5.5 Verweerder heeft de hiervoor vermelde documenten bij zijn beoordeling geheel buiten beschouwing gelaten en heeft zich onder verwijzing naar de betreffende overwegingen in de voorlopige voorziening op het standpunt gesteld dat appellant niet, althans onvoldoende, aannemelijk heeft gemaakt dat de pachtstal in E één bedrijf vormt met zijn bedrijf in B.
5.6 Aldus heeft verweerder bij de beantwoording van de vraag of nà het aangaan van meergenoemde pachtovereenkomst sprake is van één of twee bedrijven de argumenten van appellante met betrekking tot de feitelijke omstandigheden als bedoeld in artikel 1, aanhef en sub c, Whv onvoldoende betrokken.
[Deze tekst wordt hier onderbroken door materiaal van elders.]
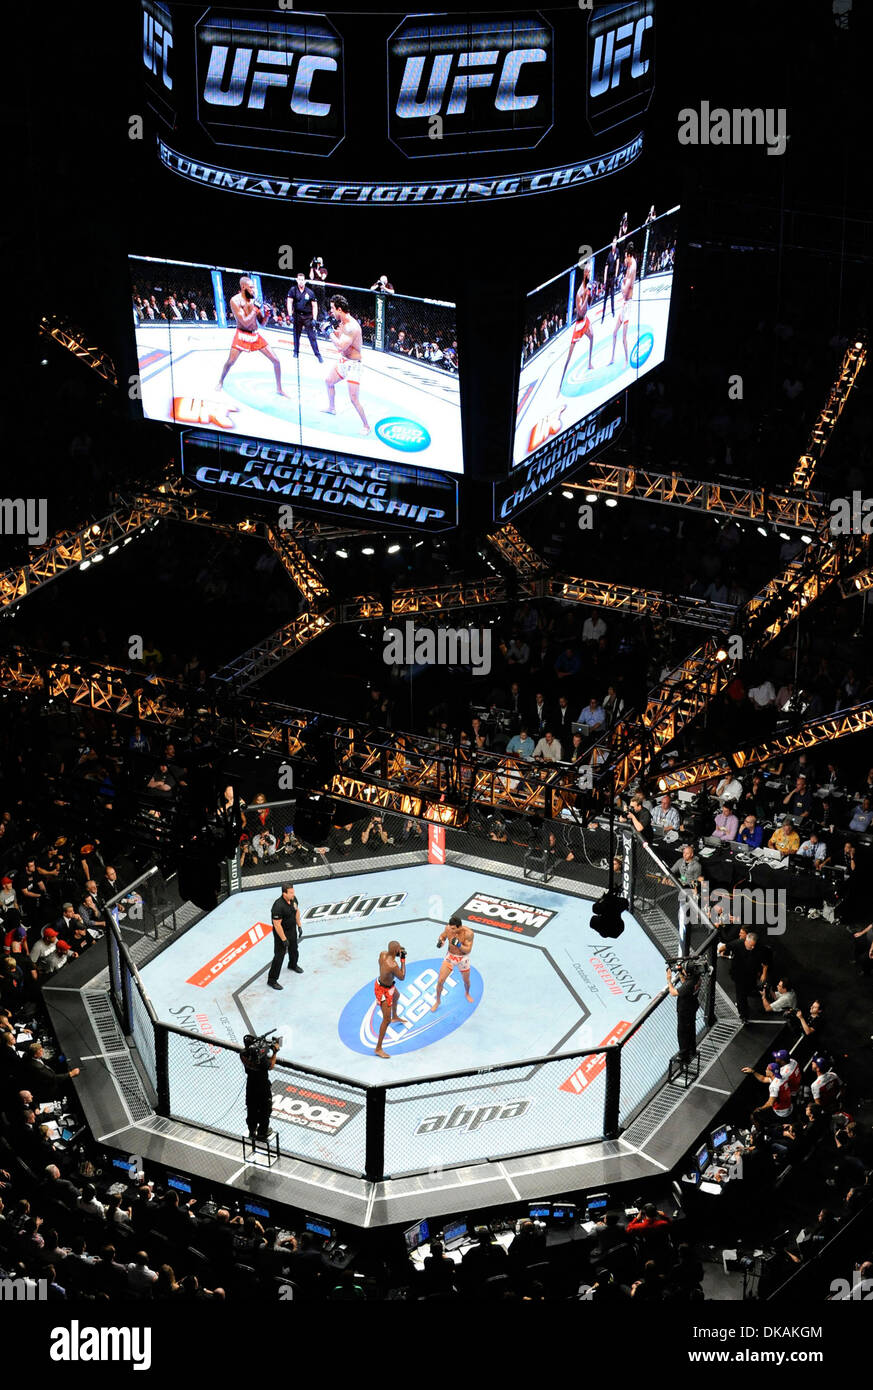 UFC228  Iphone X Wallpaper  Sanchez vs White  1 by RowdyDynasty on  DeviantArt

Een voldoende zorgvuldig onderzoek naar het door appellant gestelde ondernemersrisico is daarmee achterwege gebleven.
5.7 Het College komt aldus tot de slotsom dat het bestreden besluit onvoldoende zorgvuldig is voorbereid en tevens een voldoende draagkrachtige motivering ontbeert. Het beroep moet in verband hiermee gegrond worden verklaard en het bestreden besluit moet worden vernietigd. Verweerder zal worden opgedragen een nieuwe beslissing op het bezwaarschrift te nemen met inachtneming van hetgeen in deze uitspraak is overwogen.
5.8 Aangezien thans niet kan worden vastgesteld of appellant aanspraak heeft op registratie van de in geding zijnde varkensrechten als door hem gewenst, bestaat geen grond voor inwilliging van zijn verzoek om schadevergoeding met toepassing van artikel 8:73 Awb. Mitsdien zal dit verzoek worden afgewezen.
5.9 Het College ziet aanleiding verweerder te veroordelen in de door appellant gemaakte proceskosten, die met inachtneming van het Besluit proceskosten bestuursrecht worden bepaald op € 644,-, dat wil zeggen één punt voor het indienen van een beroepschrift en één punt voor het verschijnen ter zitting.
Het door appellant betaalde griffierecht dient aan hem te worden vergoed.